> [Source records]

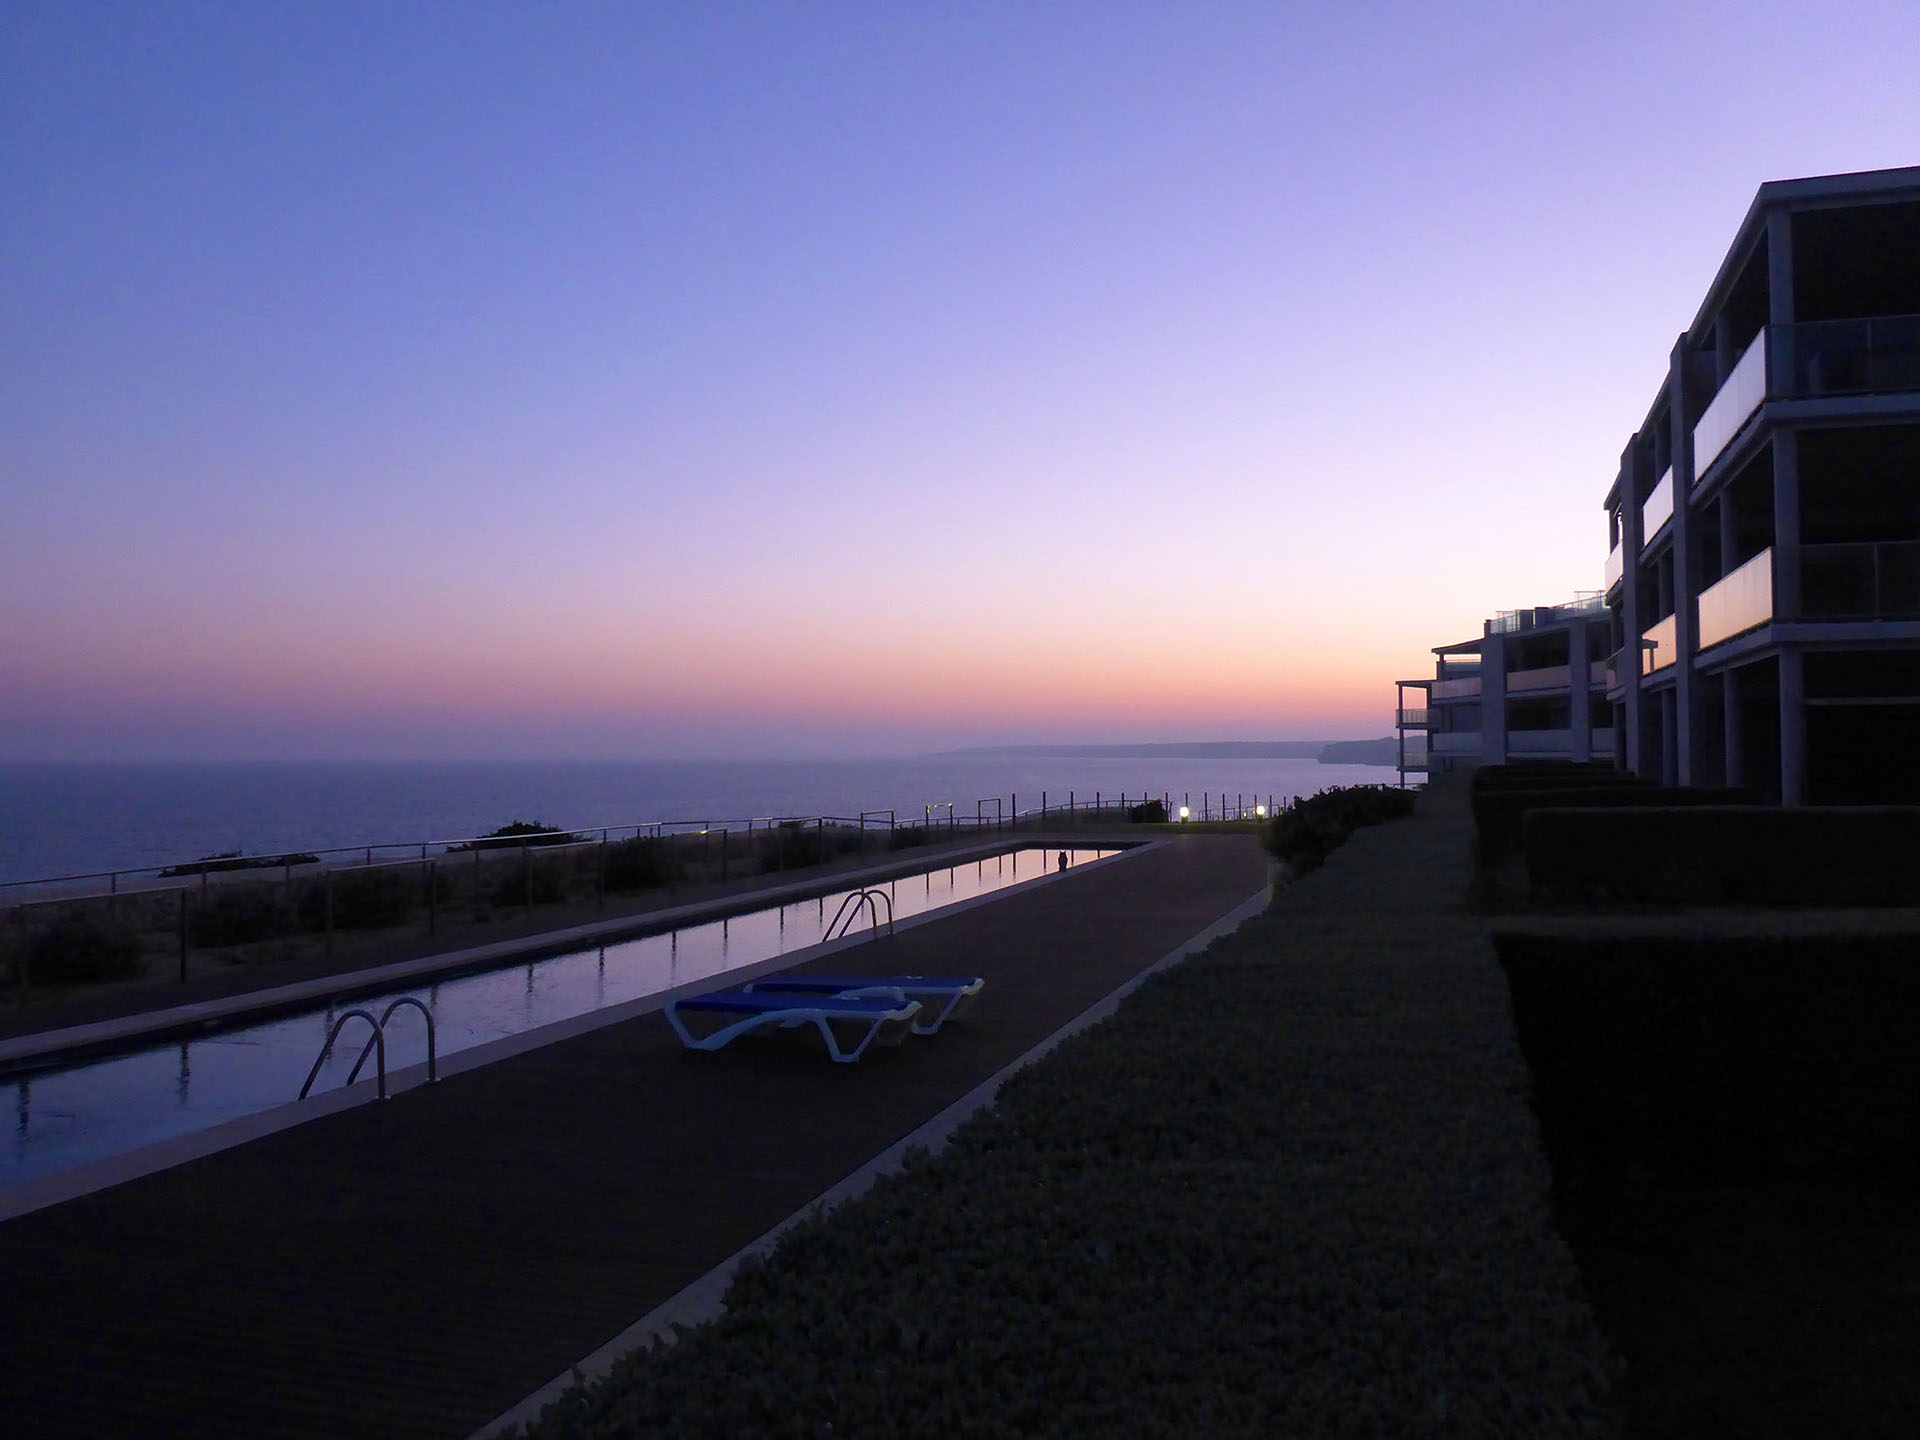 Atemberaubender Ausblick: Luxuriöses Apartment mit Garten in erster Meereslinie
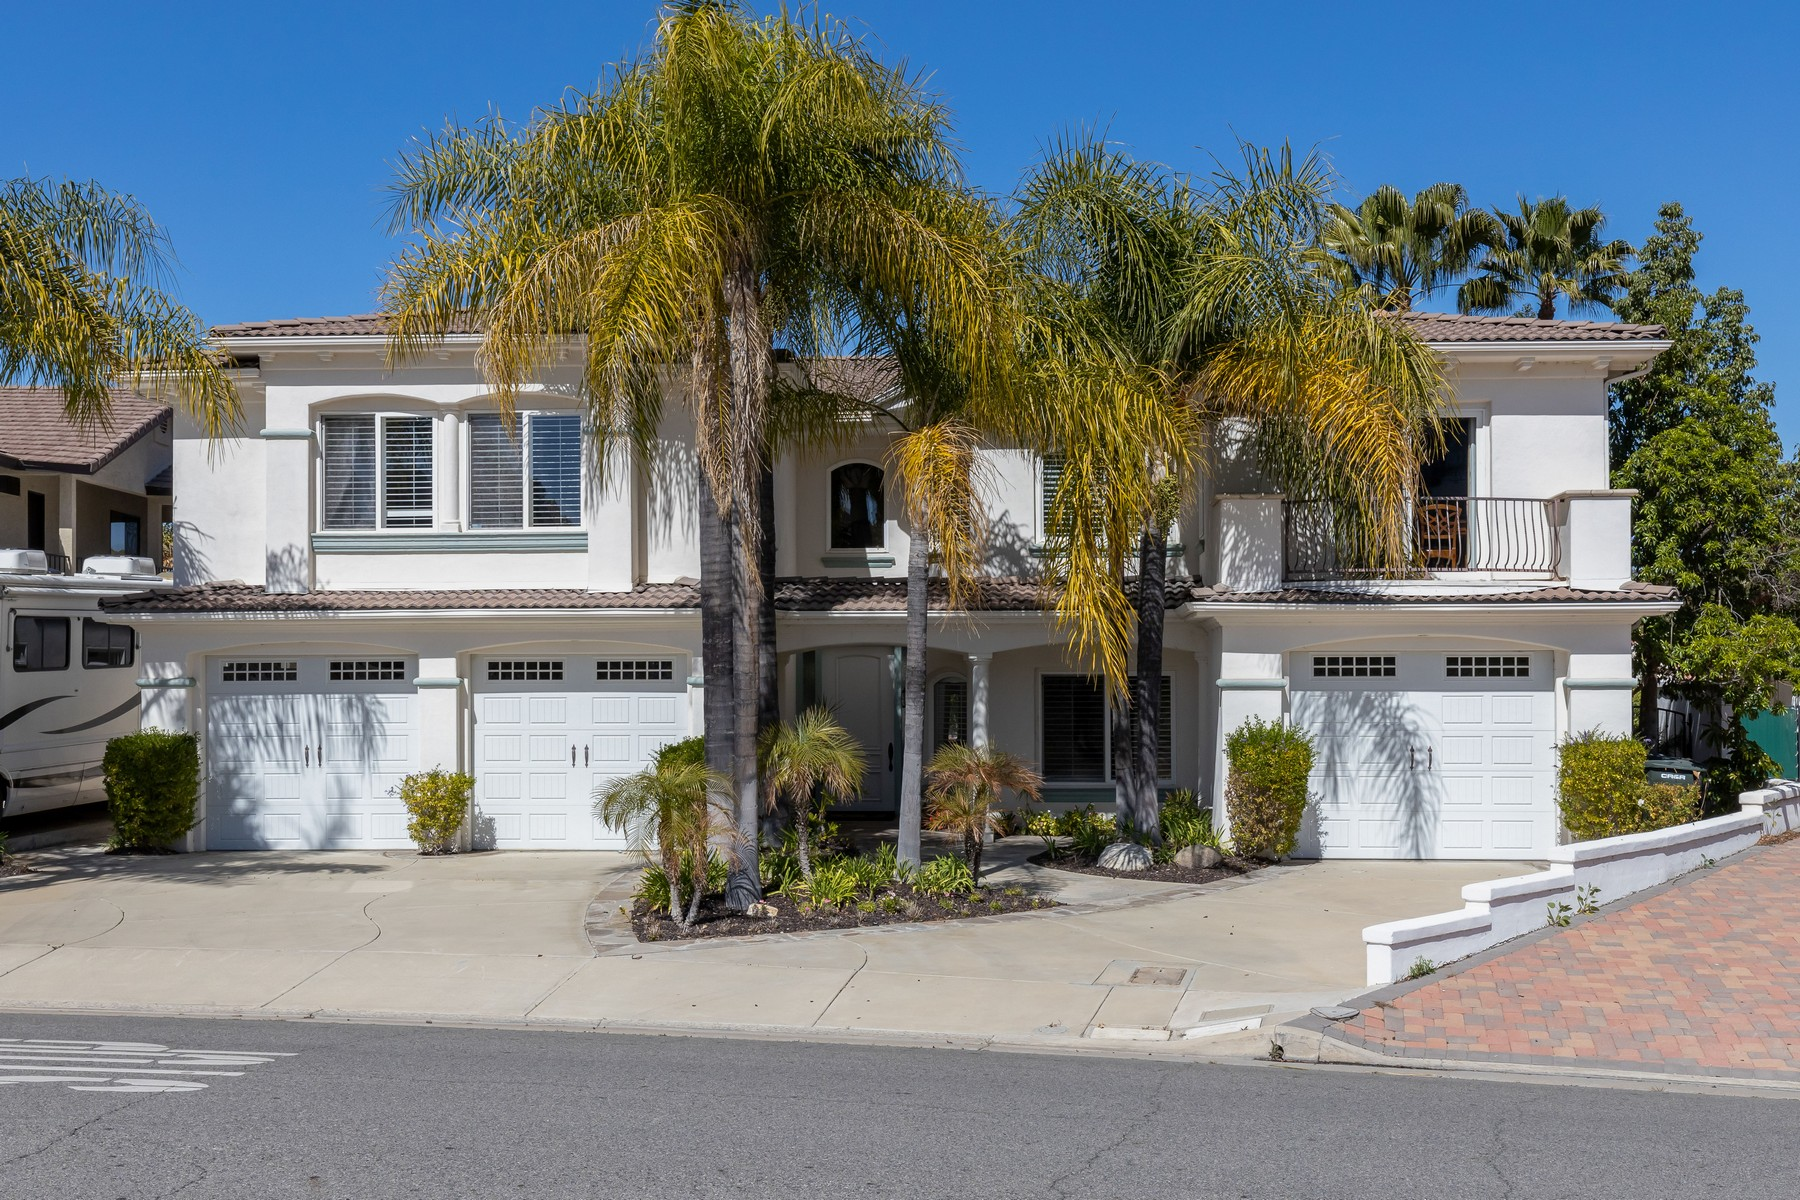 Single Family Homes for Active at Beautiful Waterfront Property 22818 Gray Fox Drive Canyon Lake, California 92587 United States
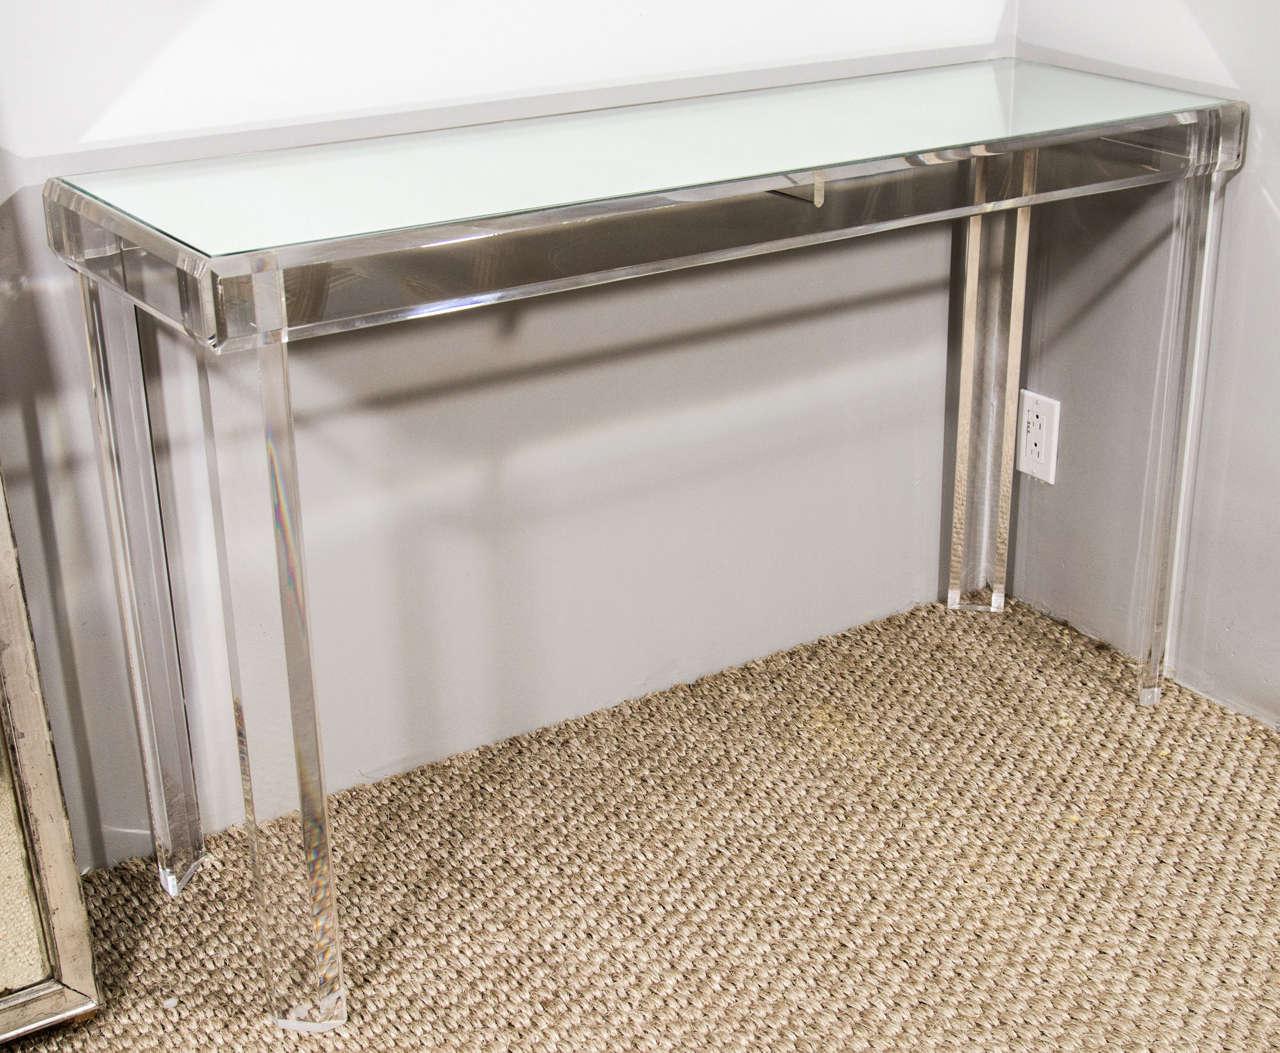 Phenomenal Lucite Console Table At 1Stdibs Spiritservingveterans Wood Chair Design Ideas Spiritservingveteransorg
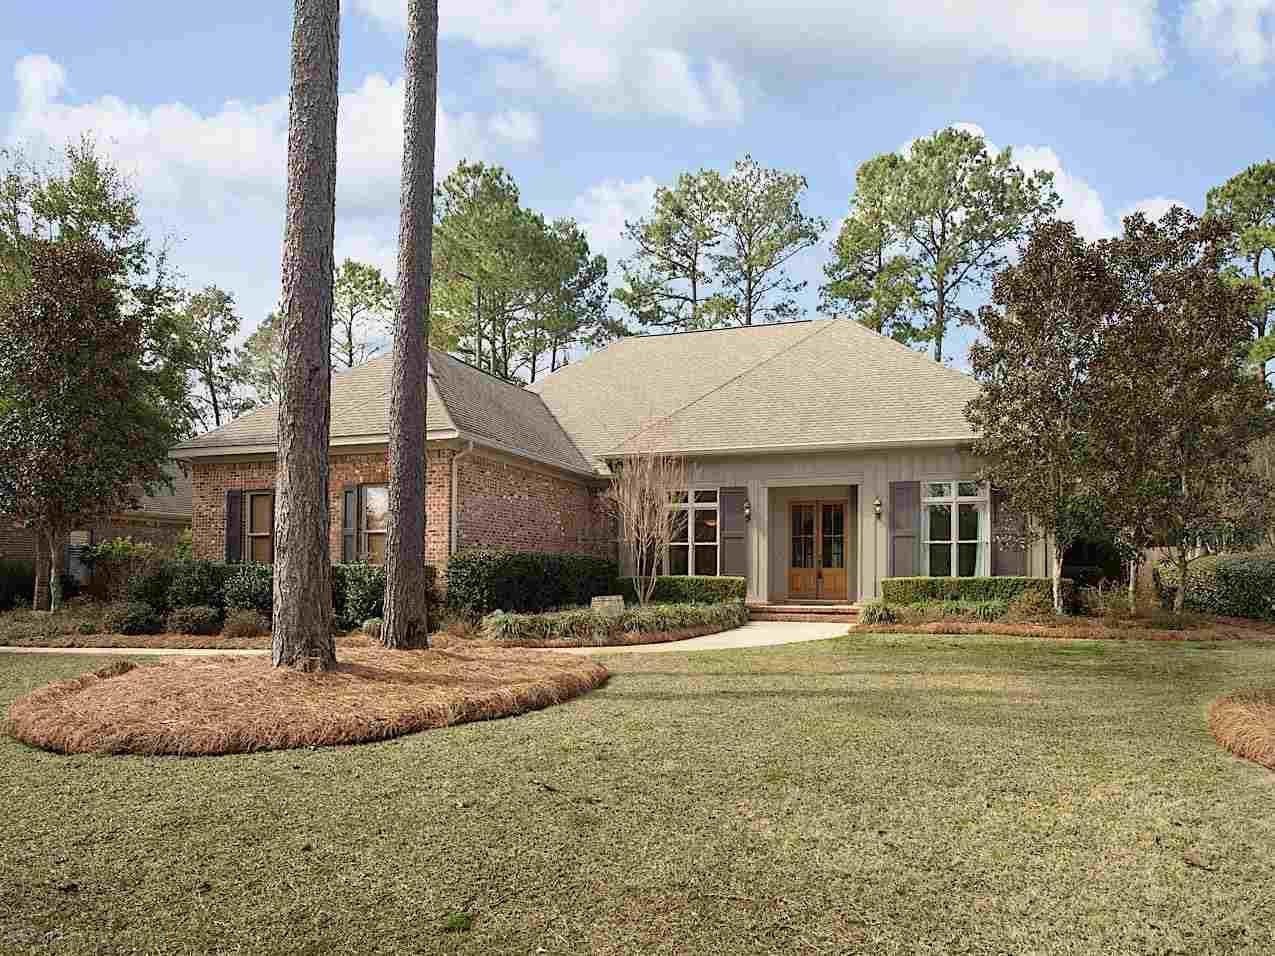 New Homes For Sale Baldwin County Al
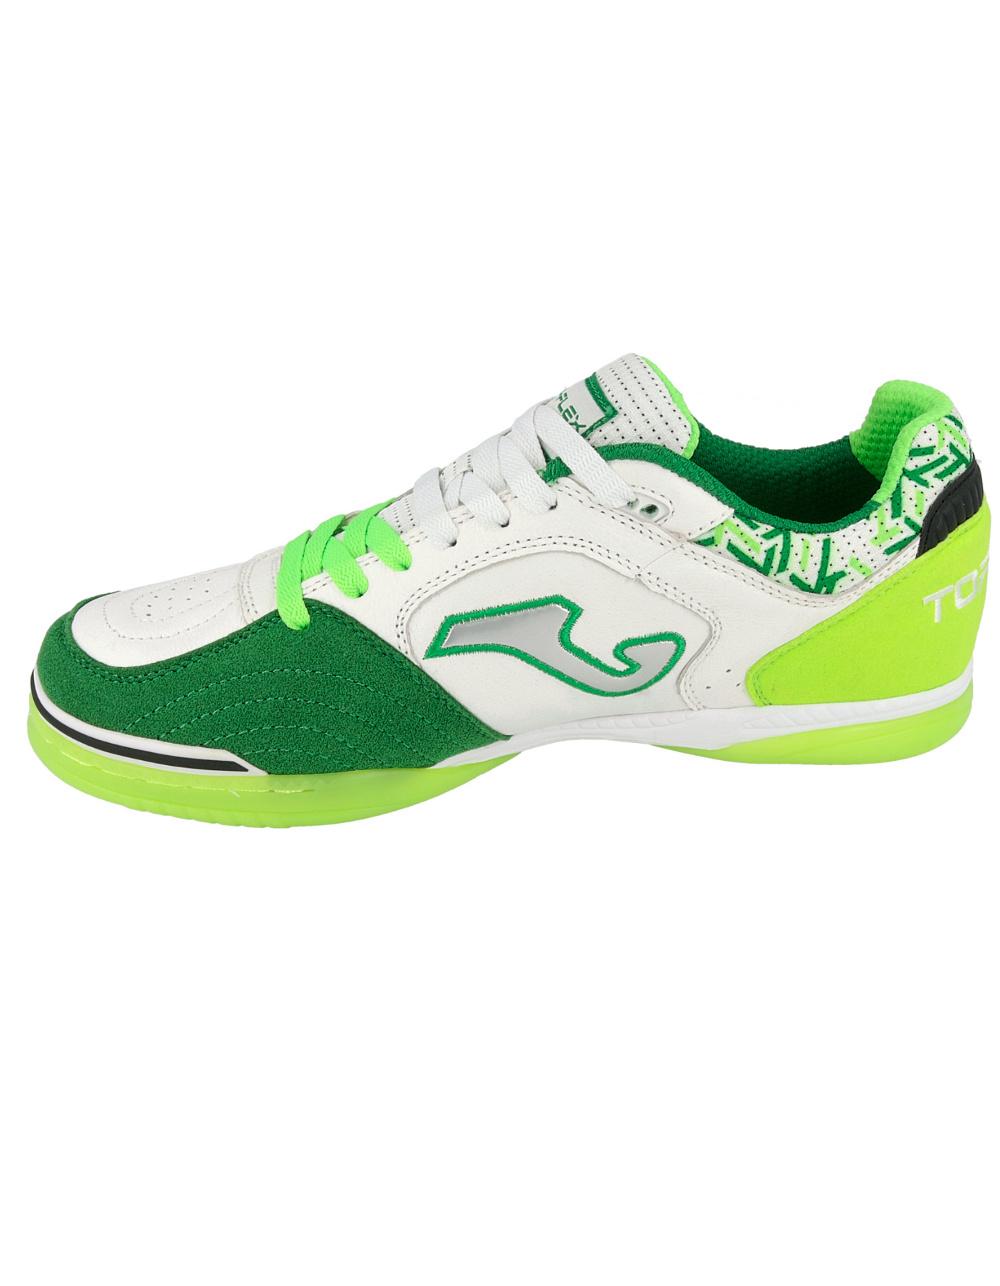 9d85c657b4dcc Football shoes Joma Scarpe da calcetto Calcio Top Flex Bianco verde Indoor  815 6 6 di 8 ...

> [Task requirements] Beginning with the line that has "Phenomenal Lucite Console", repeat each remaining line of the data above word for word, keeping pictures out.

> [Your solution]
 Phenomenal Lucite Console Table At 1Stdibs Spiritservingveterans Wood Chair Design Ideas Spiritservingveteransorg
 New Homes For Sale Baldwin County Al
 9d85c657b4dcc Football shoes Joma Scarpe da calcetto Calcio Top Flex Bianco verde Indoor  815 6 6 di 8 ...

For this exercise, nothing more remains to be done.